Pendant l’été, ou en période des fêtes, il nous arrive de revenir au pays, au lieu de nos origines, dans notre enracinement relationnel fort. C’est un moment très attendu et consolant de retrouver les siens, mais ce peut être aussi un moment redoutable et redouté par des a priori, des blessures, des fermetures qui peuvent se manifester. Comment Jésus vit ses retrouvailles chez lui, devant ses disciples qui deviennent témoins de ses racines ?

  1. Jésus enseigne à la synagogue le jour du sabbat. Il était connu comme charpentier et avait sans doute exercé ce métier avec bonheur, à la suite de son père adoptif Joseph : entrant chez les gens, écoutant ce qu’ils veulent améliorer pour mieux vivre dans leur maison, exécutant le mieux possible ce qu’ils demandent, aimant servir ses compatriotes. Il était connu surtout pour la qualité de ses liens familiaux : fils de Marie, frère de Jacques, de José, de Jude, de Simon, il a des sœurs aussi… Dans son village, chacun peut trouver des liens de parenté proche parce qu’on est du même village : on est tous ‘parents’, cousin… et on connait toutes les histoires de famille, le tissu relationnel est dense, on a la même culture et la même éducation. Or l’enseignement de Jésus à la synagogue frappe d’étonnement les auditeurs venus nombreux pour l’écouter… Ils se demandent « d’où vient cette sagesse qui lui a été donnée et les grands miracles qui se réalisent par ses mains ? » Par cette question, ils suggèrent que les paroles et les actions de Jésus viennent d’en haut, de Dieu, mais ils ne peuvent l’admettre car ils sont de la même culture, de la même éducation, du même sang. Ils sont profondément choqués à son sujet ; au point de se fermer complètement : ils ne veulent connaître de Jésus que ce qu’ils savent déjà par leurs liens de sang ; ils n’entrent pas dans la liberté de sa parole, dans les origines de sa sagesse, dans la puissance que Dieu peut lui donner pour faire des miracles…
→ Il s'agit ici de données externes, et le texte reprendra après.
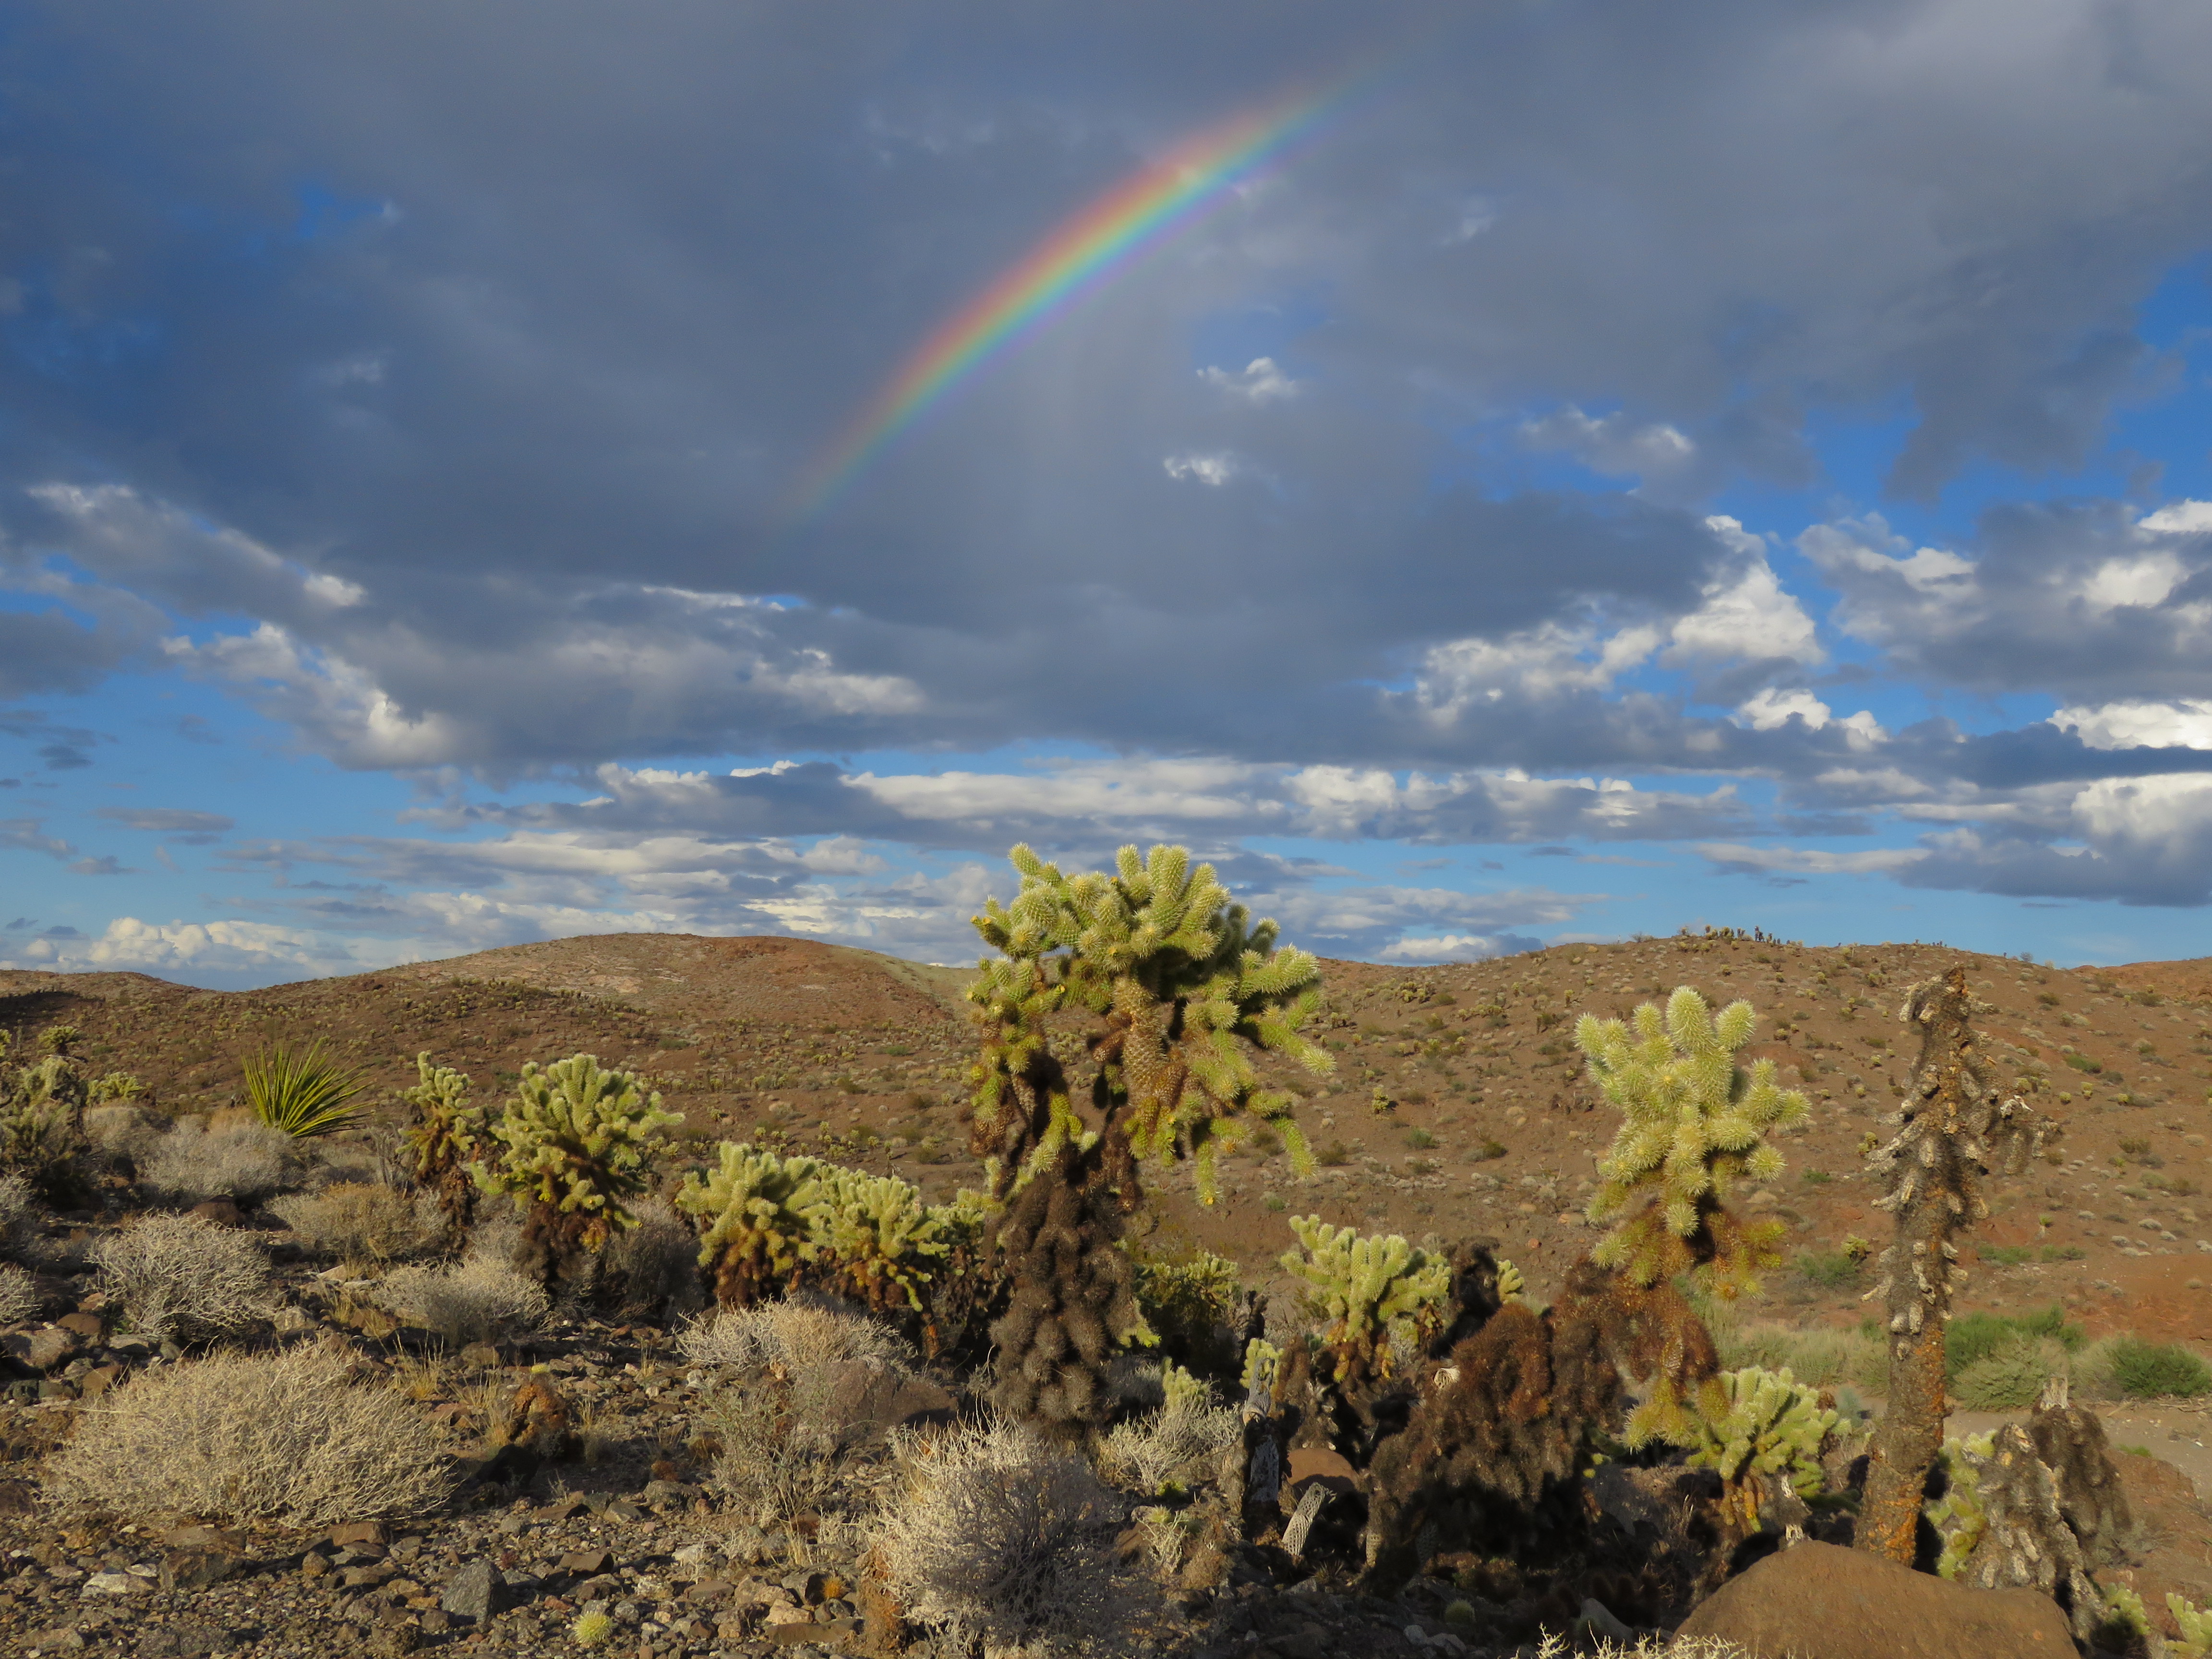 President to designate California Desert national monuments

  2. « Un prophète n’est méprisé que dans son pays, sa parenté et sa maison » . En prononçant ces paroles Jésus veut dire sa surprise à ses concitoyens, il s’étonne de leur manque de foi, il dévoile avec un grande tristesse leur fermeture, leur clôture au mystère que ses paroles et ses gestes révèlent. Il est déçu de leur rigidité de cœur alors qu’il avait été bouleversé par la foi de la femme qui avait des pertes de sang et qui avait touché la frange de son manteau pour être sauvée. Il avait poussé Jaïre, le chef de la synagogue de Capharnaüm, à croire malgré l’annonce de la mort de sa fille, il avait pris la main de sa fille en disant « Jeune fille, je te le dis, lève-toi ». Jésus accomplit des miracles quand les suppliants croient et demandent. À Nazareth, dans sa ville, ses proches sont fermés, ils perçoivent bien que Jésus est habité par un don d’en haut, mais ils le réduisent à du déjà connu se refusant à l’inattendu qui advient par lui. Jésus reçoit une étiquette, il est mis dans une case, est vu comme un danger à éliminer. On dirait que les liens de sang et de proximité les empêchent de croire, qu’ils ont la nuque trop raide pour lever les yeux vers le ciel et reconnaitre le Père qui donne la Parole libre, la guérison des malades, la vie aux croyants. Au fond, il est toujours, difficile d’accueillir la voix du prophète que le baptême nous donne : prêtre, prophète et roi ; l’Esprit Saint met en Jésus et en nous un feu qui ne demande qu’à tout brûler dans l’amour.

Dans le contexte politico-religieux où nous sommes aujourd’hui, avec la critique religieuse omniprésente, il est tout à fait légitime de nous poser des questions sur Jésus, sur la vérité de ce que dit de lui l’Évangile par rapport aux autres religions, d’entendre aussi l’indifférence religieuse et les angoisses quotidiennes de nos proches. Mais nous sommes invités aussi à rester ouverts, en dénonçant le caractère irrationnel d’un enfermement a priori, au refus de l’inattendu qui surprend, dérange ou déroute, en osant faire un pas de plus dans la confiance en nous-mêmes qui sommes aimés de Dieu, en Jésus de Nazareth, né de Marie et en Dieu qui a osé dire de Jésus : « Tu es mon Fils bien-aimé. En toi je trouve ma joie ». Amen.